People have been mistaking the new “book bike” for an ice cream cart, Eric Cohen said last week as he pulled a waterproof cover off the baby blue and white three-wheeler parked behind the library in Sag Harbor.
The John Jermain Memorial Library introduced its newest educational tool in August: a library on wheels that Mr. Cohen and others can pedal to community events and local schools.
The idea came when Mr. Cohen, the library’s technology coordinator, attended a national conference in Philadelphia sponsored by the Public Library Association. The creator of the book bike, Stephen Horcha, drove in on one during a lecture — and Mr. Cohen knew the John Jermain Library just had to have one.
“It’s a way for the library to get out in the community,” Mr. Cohen said as he shielded his eyes from glare hitting metal on the bike, which he noted will give the library more exposure.
“It’s amazing to us that there are still people in the community who don’t even know we have a library. I’ve seen people walk in and say, ‘I’ve never been here before,’” he said.
The $3,500 book bike made its debut at the Sag Harbor farmers market on August 24. Mr. Cohen rode the cart from the library on Main Street, up Rysam Avenue, to the market near the Dockside restaurant on Bay Street.
“First, when I was riding it over, three separate people said, ‘I’ll buy an ice cream!’” he remembered. “I said, ‘No, sorry, but I’ll give you a book!’”
When Mr. Cohen pulled up to the market, he set up a blue umbrella to keep cool and waited for people to line up to grab some free reads.
At first, they didn’t understand that the books, mostly new or lightly used, were entirely free. But then Mr. Cohen started shouting, “Free books! Free books!” That’s when kids, adults and teens ran to the stand to check it out.

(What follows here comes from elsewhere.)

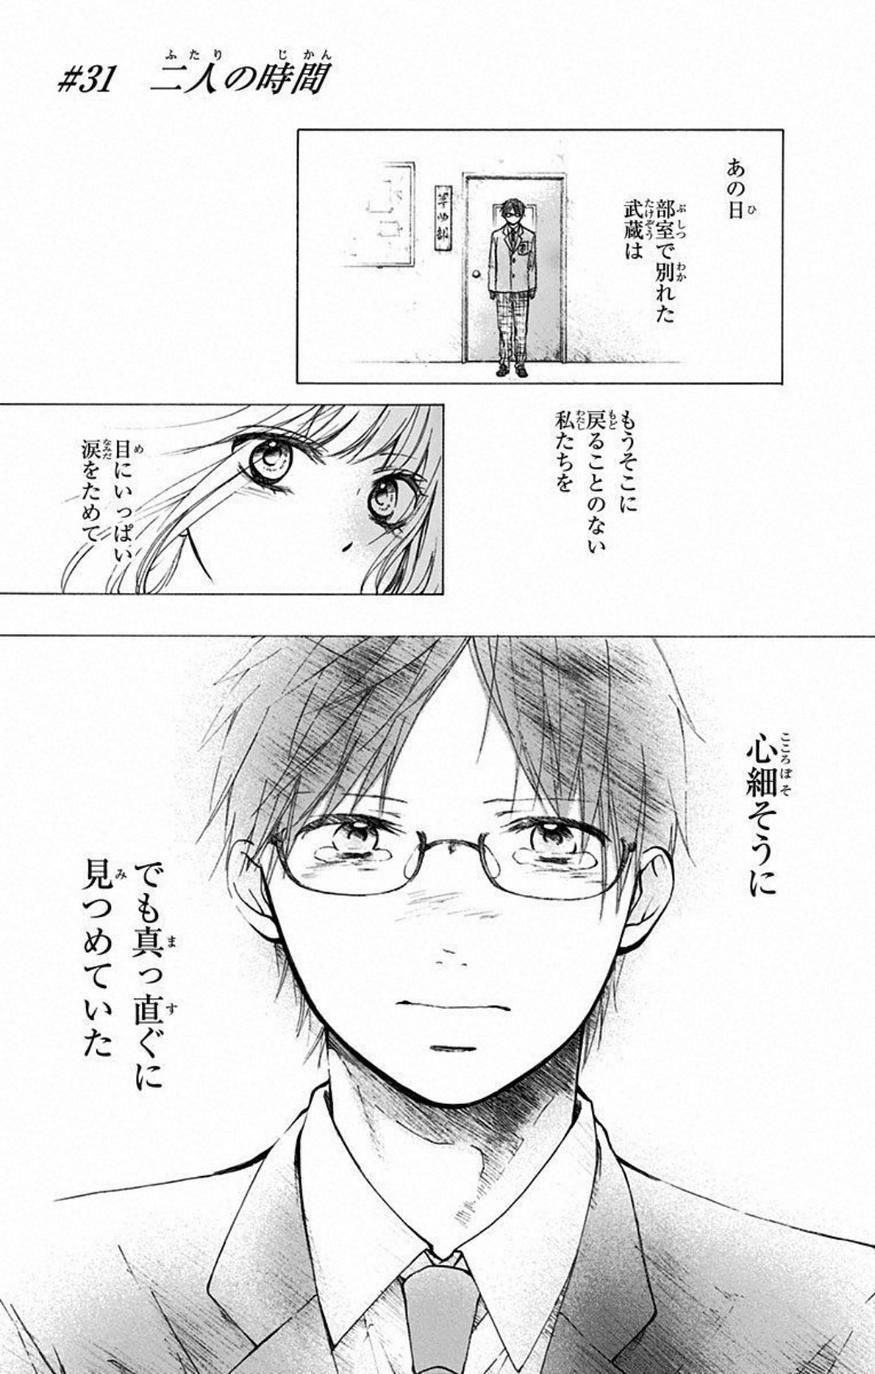 Kono Oto Tomare! - Chapter 31 - Page 1
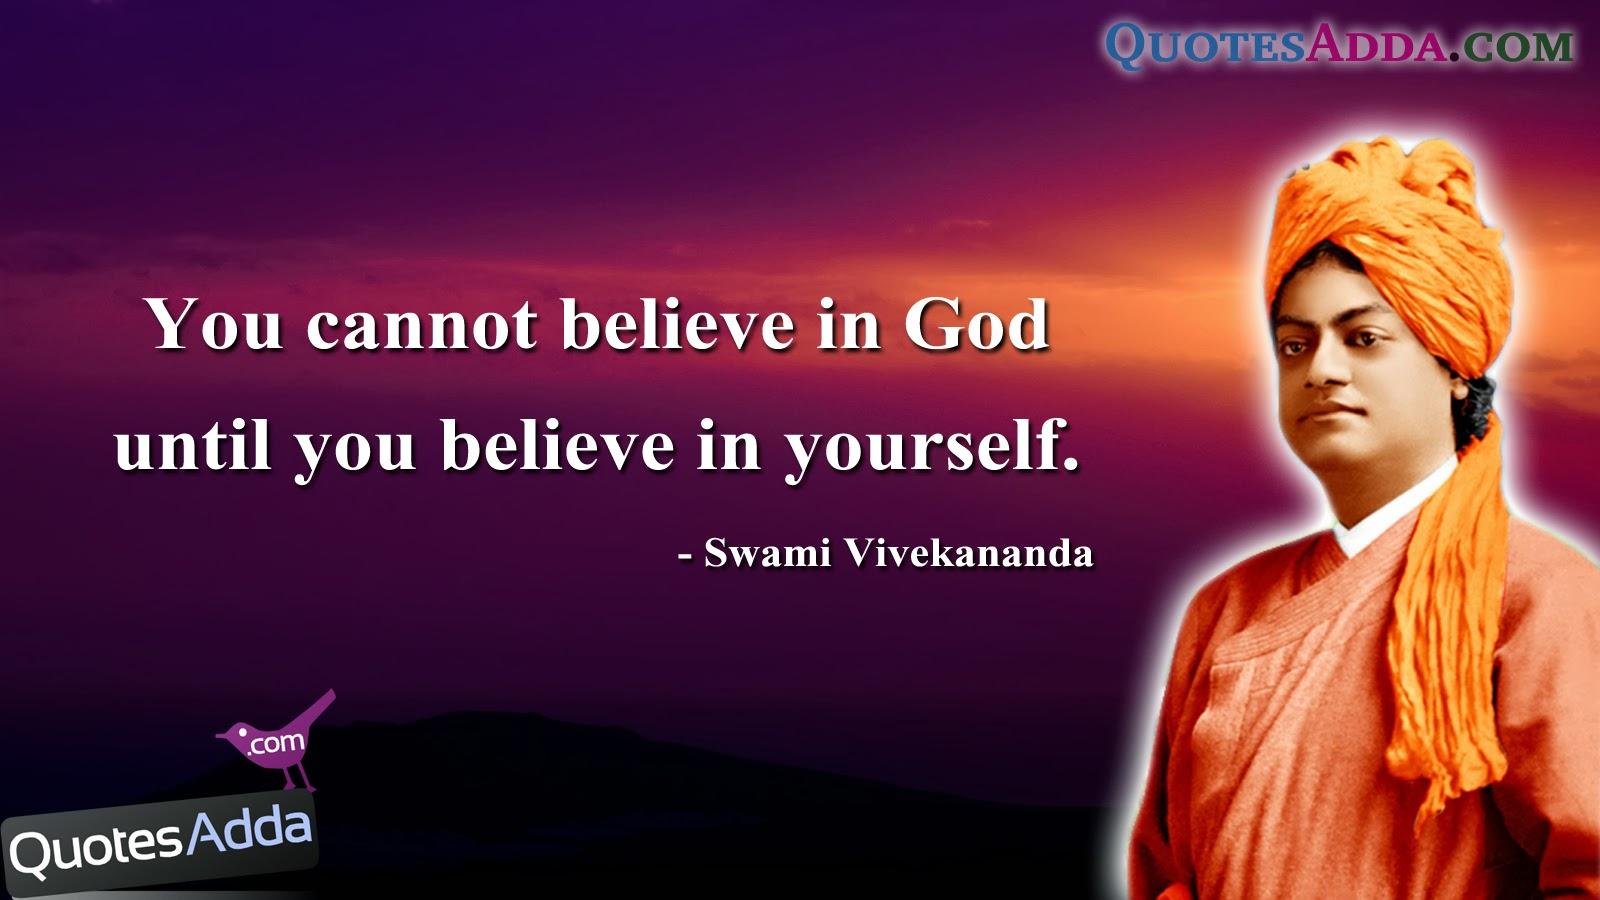 vivekananda quotes on god in tamil quotesgram vivekananda quotes on god in tamil

The adults’ books, including biographies about Woodrow Wilson and other former presidents, were placed on the top left; teen books, including George Orwell’s “1984,” on the top right; and children’s books, such as “The Magician’s Elephant,” filled the middle of the cart.
Mr. Cohen said he had to call for backup at the library, to have additional batches of books delivered because everything went so quickly. “We didn’t know what to expect really — but people just loved it. They were freaking out,” he said.
“I had so much fun. It was great,” he went on, adding that the bike is relatively easy to ride downhill and on a flat road, but challenging when filled with a hundred books and the terrain is uphill.
During the school year, the plan is to have library staff circulate books rather than offer them exclusively for free. The cart will visit the food pantry to give out books, and books will also be given out during HarborFest on September 7 and 8.
The library does accept donations, but on a very limited basis, because it cannot handle large numbers of disorganized or damaged books.
“We don’t have the space to store them. If they’re in prime condition, we’ll take 10 books from someone,” Mr. Cohen explained.
Walking back into the library to the director’s office through the children’s section, Diana Carillo, the children’s librarian, showed off a cardboard box full of books she had ready to go for the next book bike outing.
Catherine Creedon, the library’s director, said she used to work on a bookmobile, having grown up in rural Minnesota. They’d take the van to farms and one-room schoolhouses.
“It was always such a great way to have a library without walls and to bring the library out to the community,” Ms. Creedon said. “When Eric came to me with the book bike, I thought, ‘Oh this is my chance to go back to my roots and have a library on wheels again.’”
“It’s a real chance for people to celebrate learning together wherever they are,” Ms. Creedon said, adding that she’ll be taking the book bike out for a spin herself.